## Work order
Once the line containing "Alte Bewässerung Dose" is found in the material below, it and every line after it should be transcribed exactly, with pictures left out and nothing added.

## Stored data
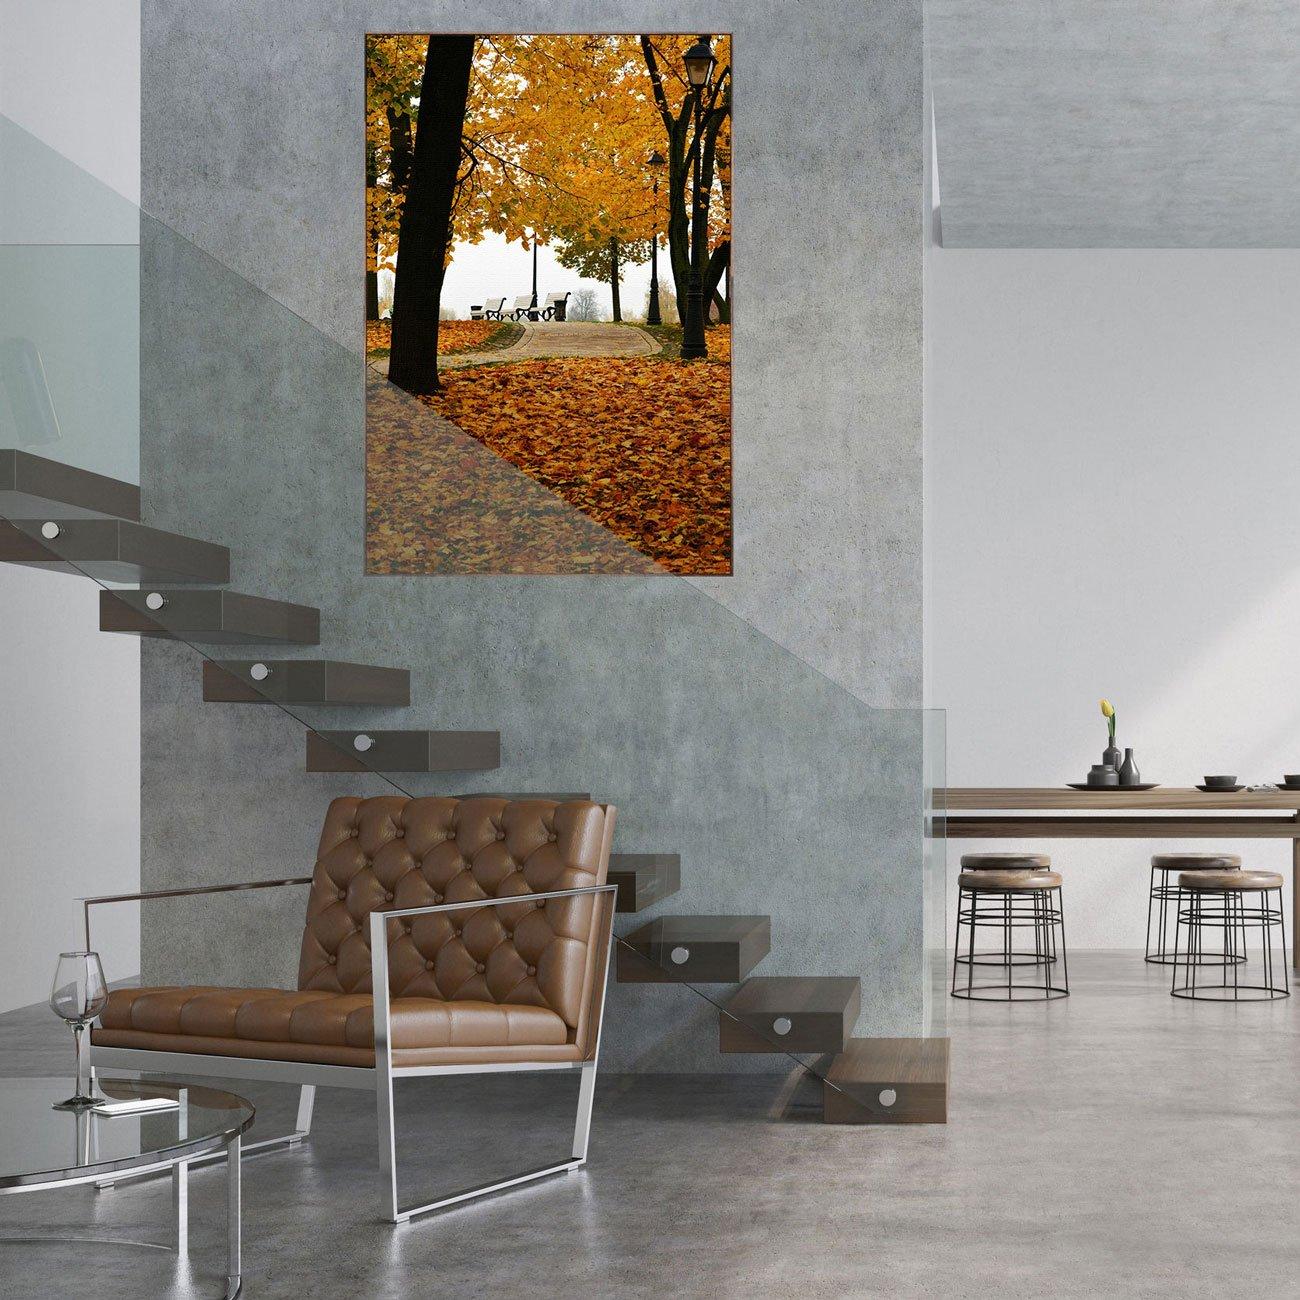 Quadro em Tela Canvas com Moldura Marrom Paisagem Natureza 100x150cm
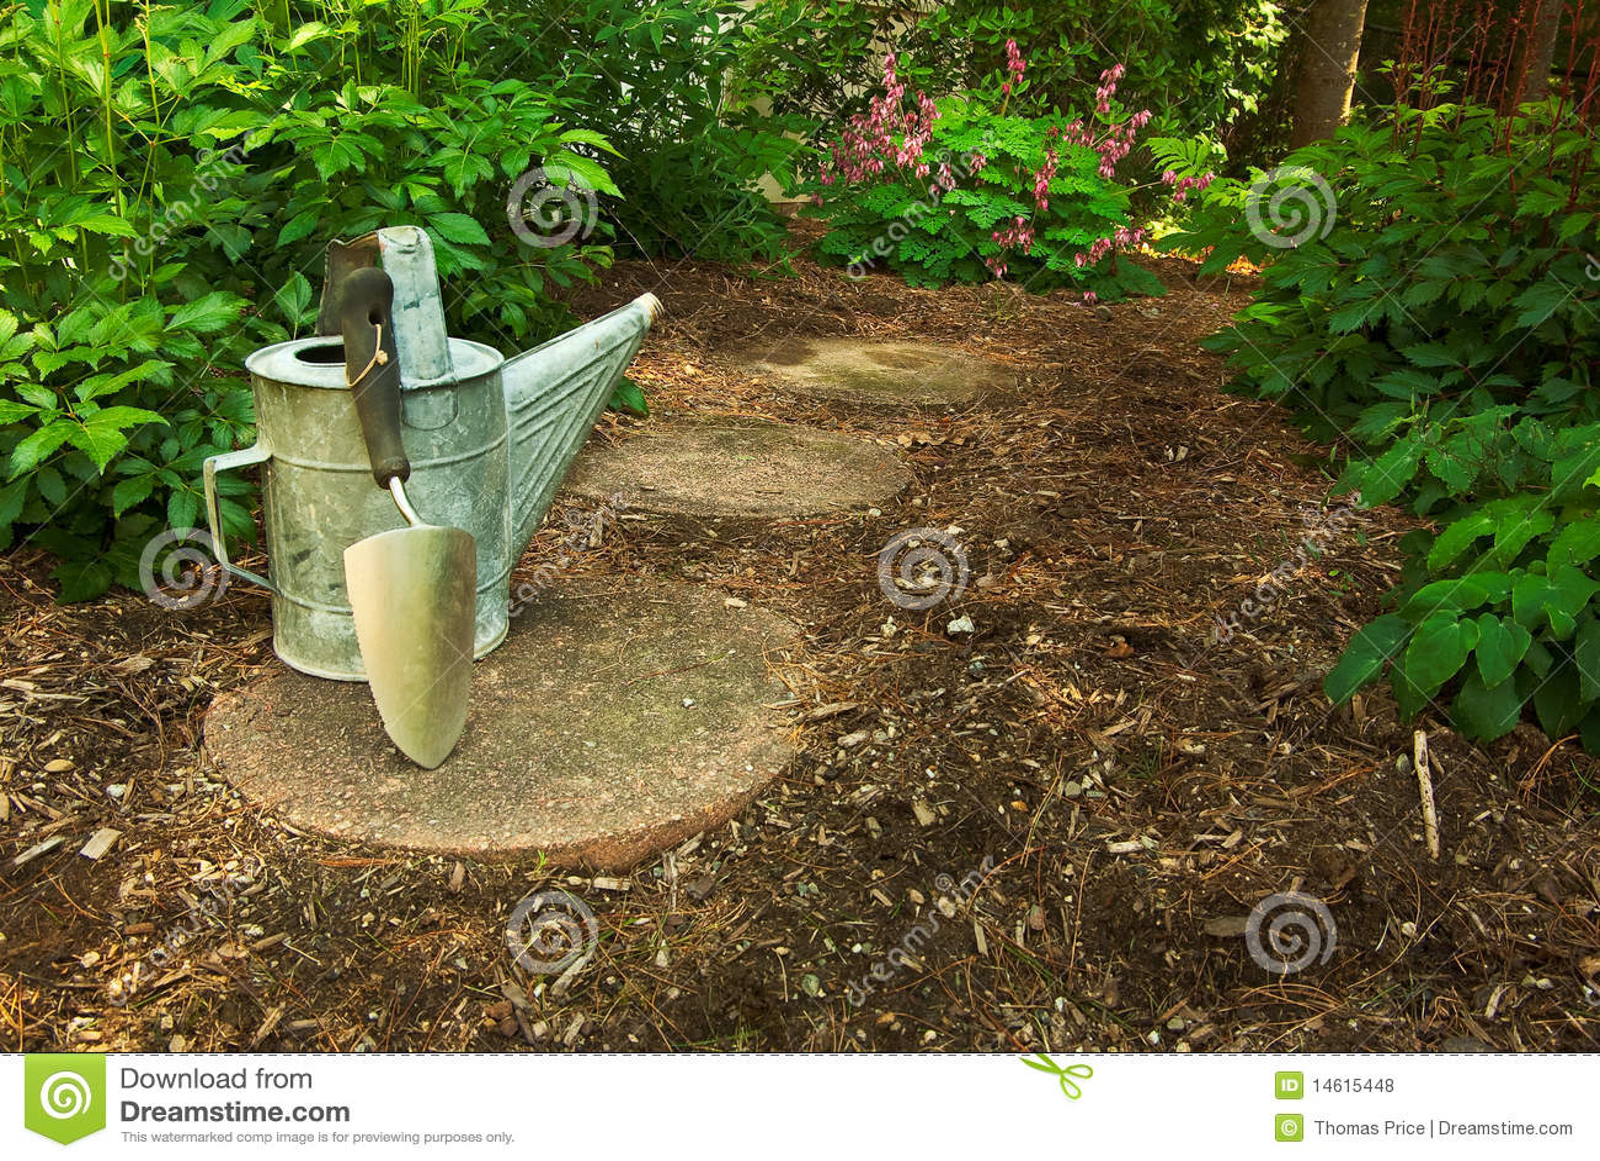 Alte Bewässerung Dose und Trowel in einem Garten
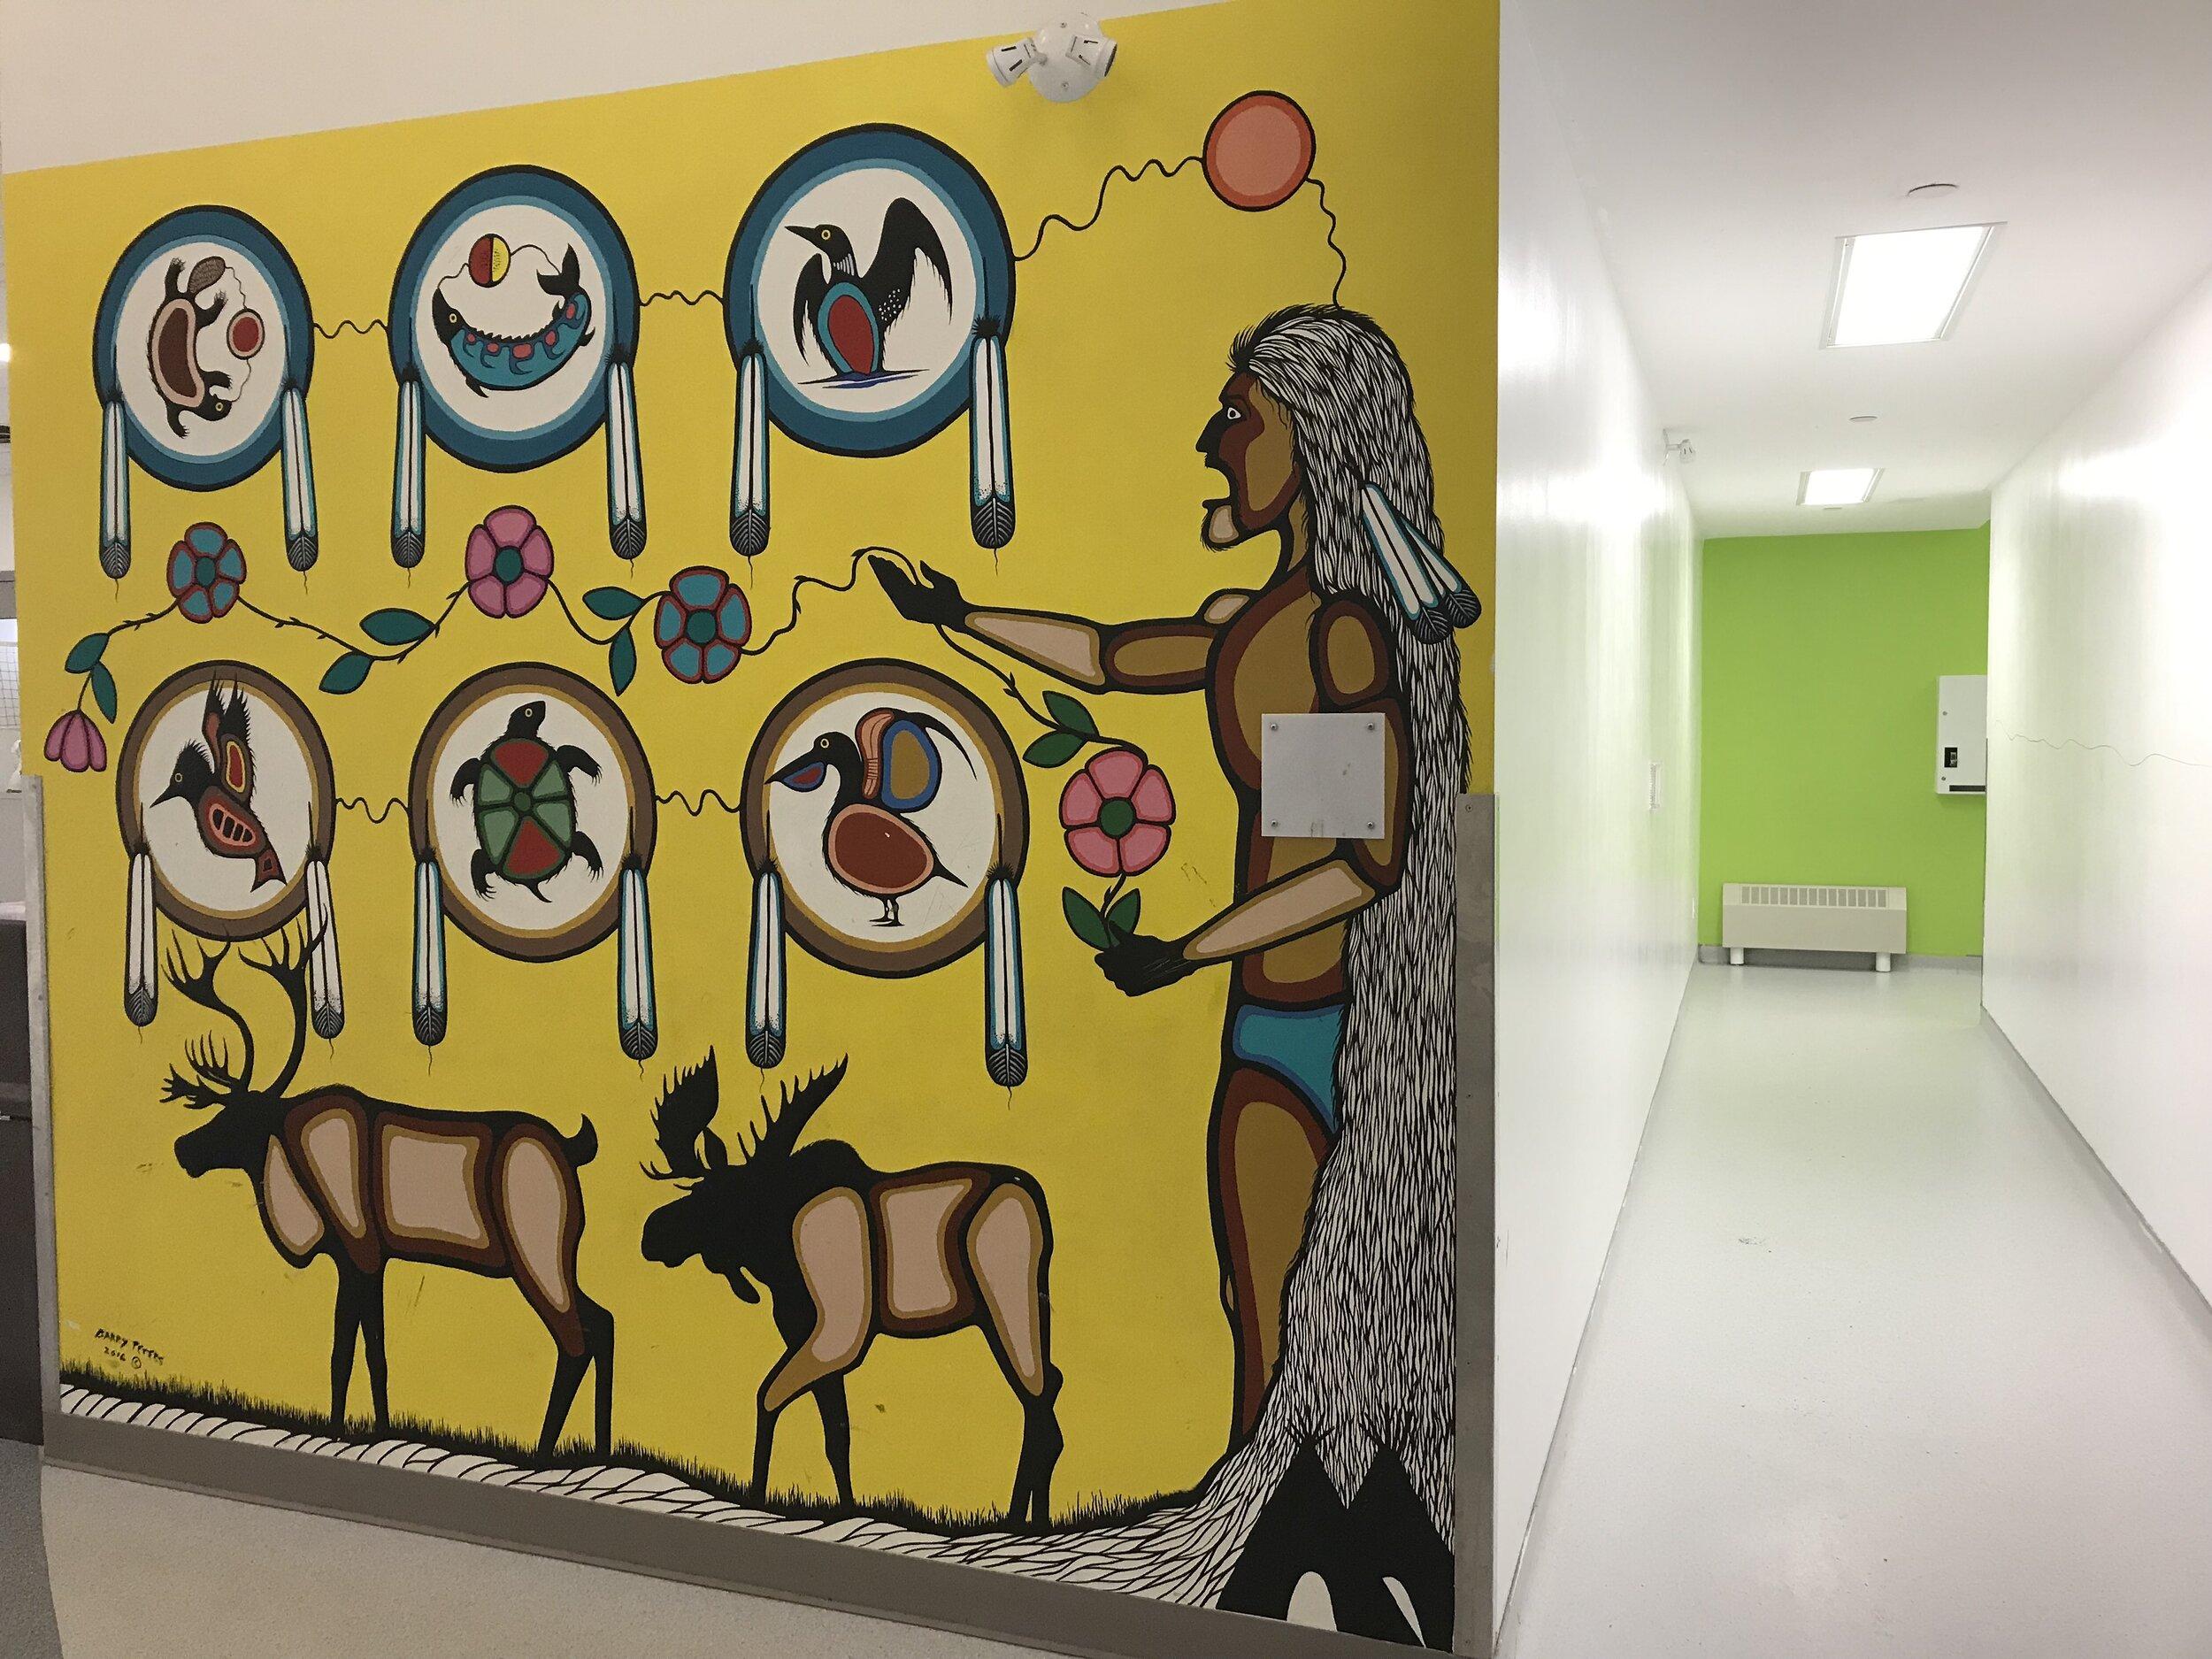 Eenchokay Birchstick School  interior 3

## Answer section
 Alte Bewässerung Dose und Trowel in einem Garten
 Eenchokay Birchstick School  interior 3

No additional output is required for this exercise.